:: Source data ::
────────────────

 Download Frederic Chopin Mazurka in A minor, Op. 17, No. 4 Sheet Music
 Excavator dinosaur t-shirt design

────────────────

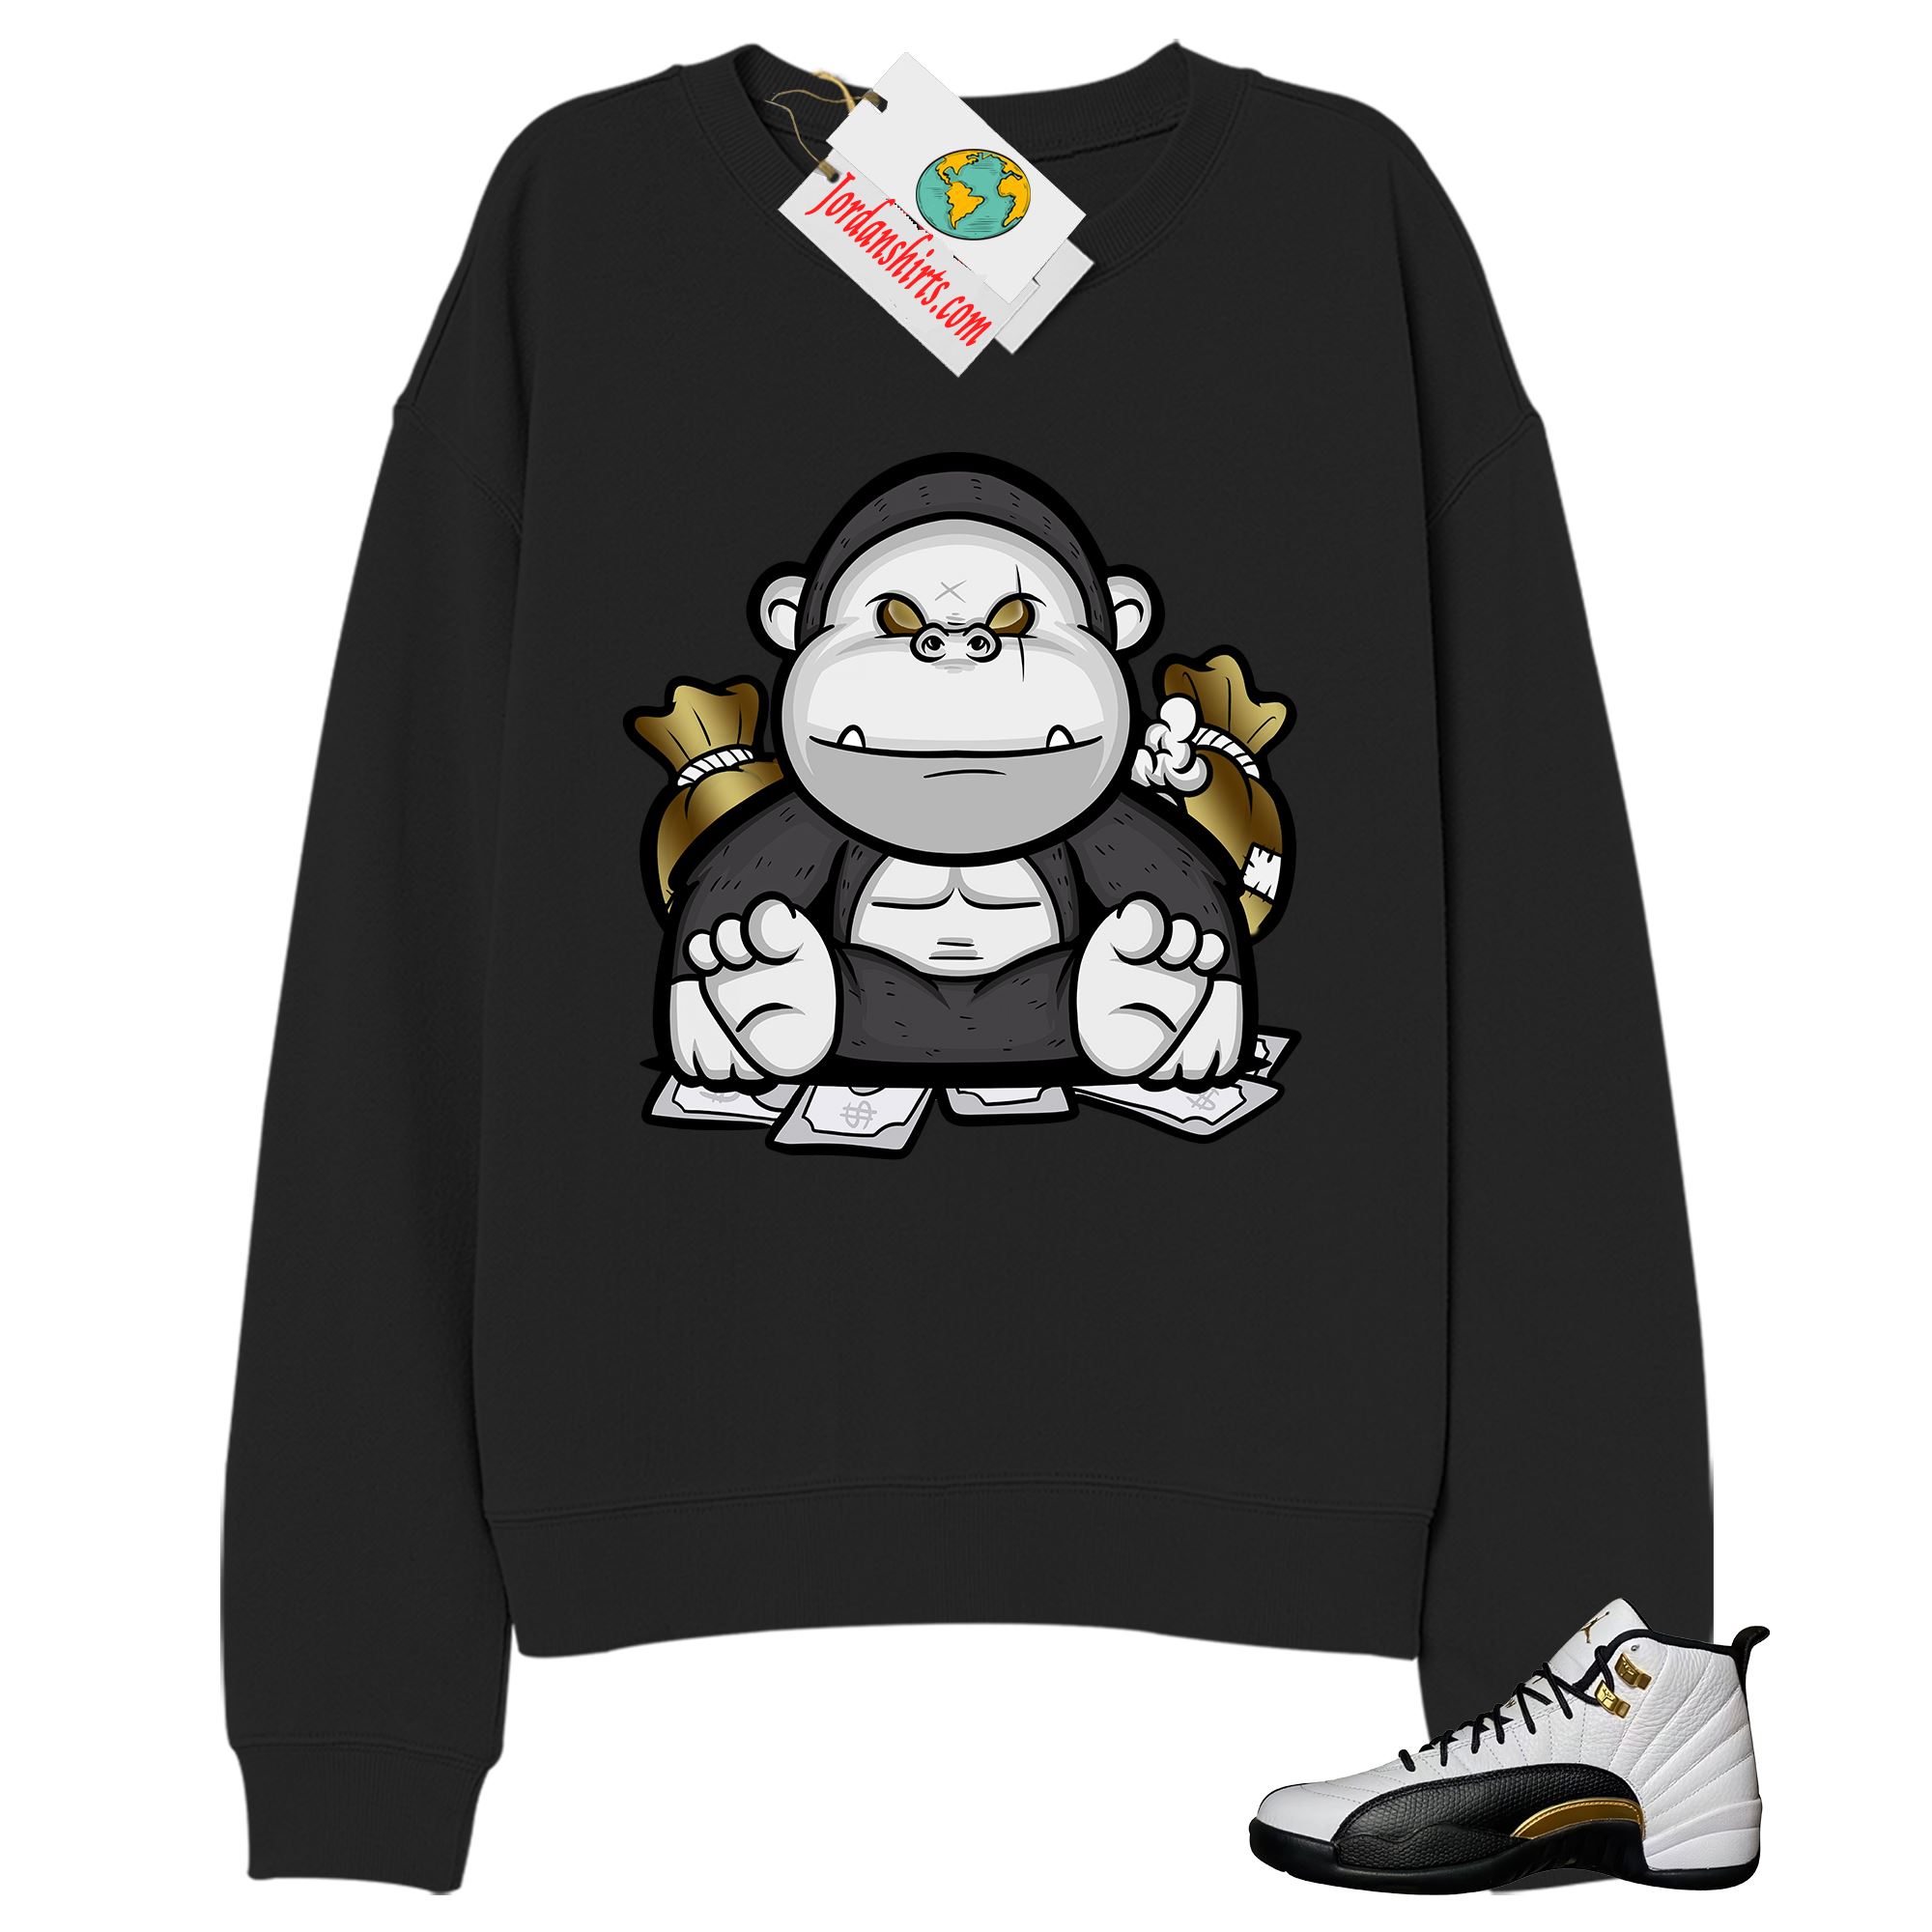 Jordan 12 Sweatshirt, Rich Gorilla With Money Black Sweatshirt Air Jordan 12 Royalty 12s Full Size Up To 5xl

────────────────

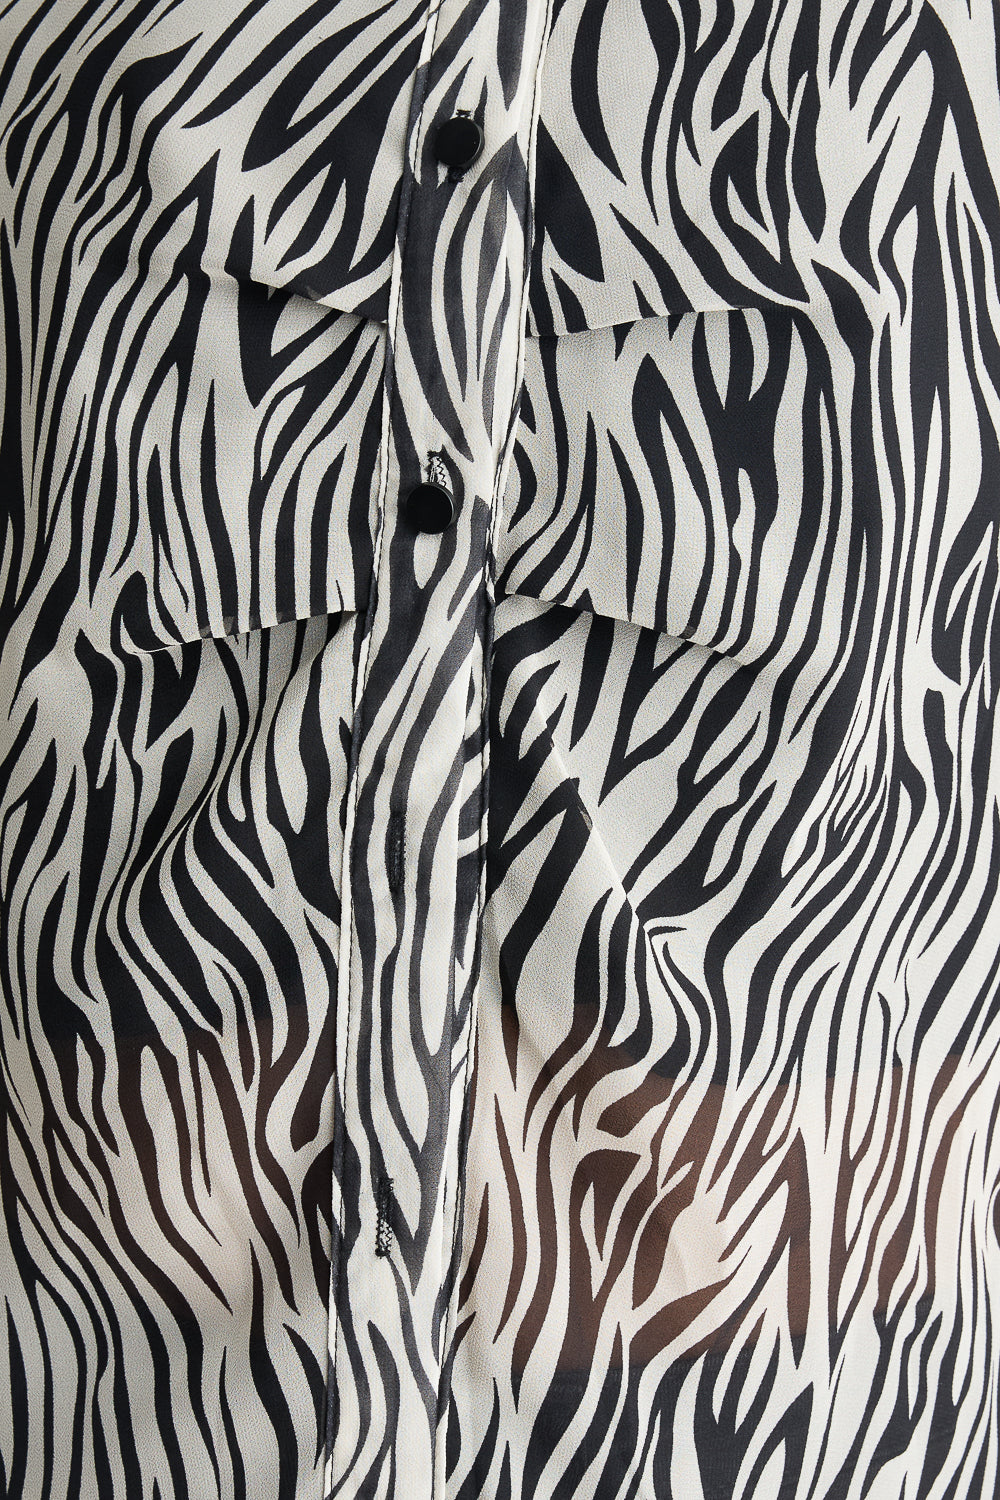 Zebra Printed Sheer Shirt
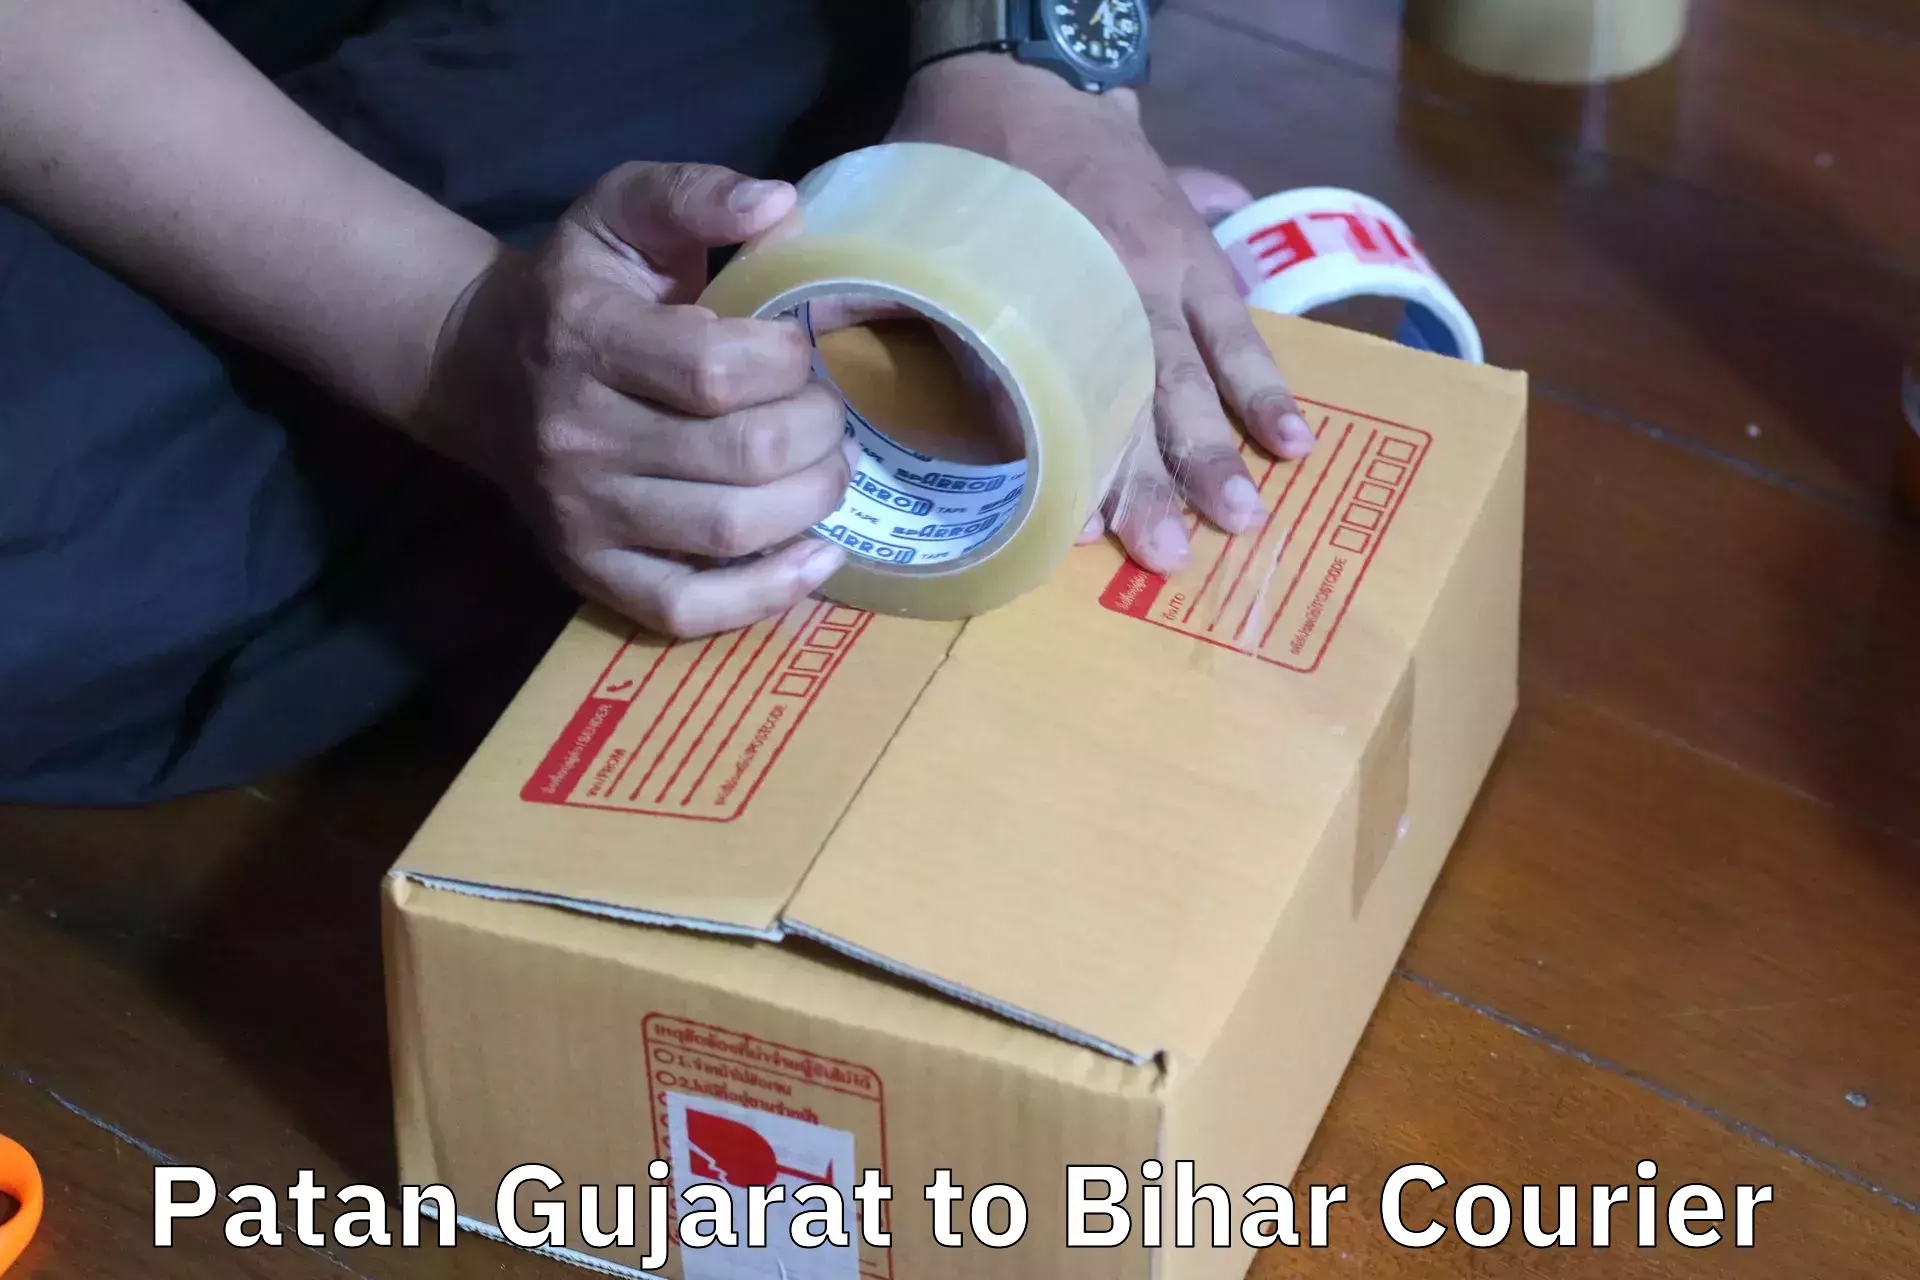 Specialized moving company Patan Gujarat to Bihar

────────────────

:: Work item ::
In the listing above, find the line containing "Download Frederic Chopin" and the line containing "Excavator dinosaur t-shirt design", then retype both and every line between them exactly, with nothing else.

:: Your response ::
 Download Frederic Chopin Mazurka in A minor, Op. 17, No. 4 Sheet Music
 Excavator dinosaur t-shirt design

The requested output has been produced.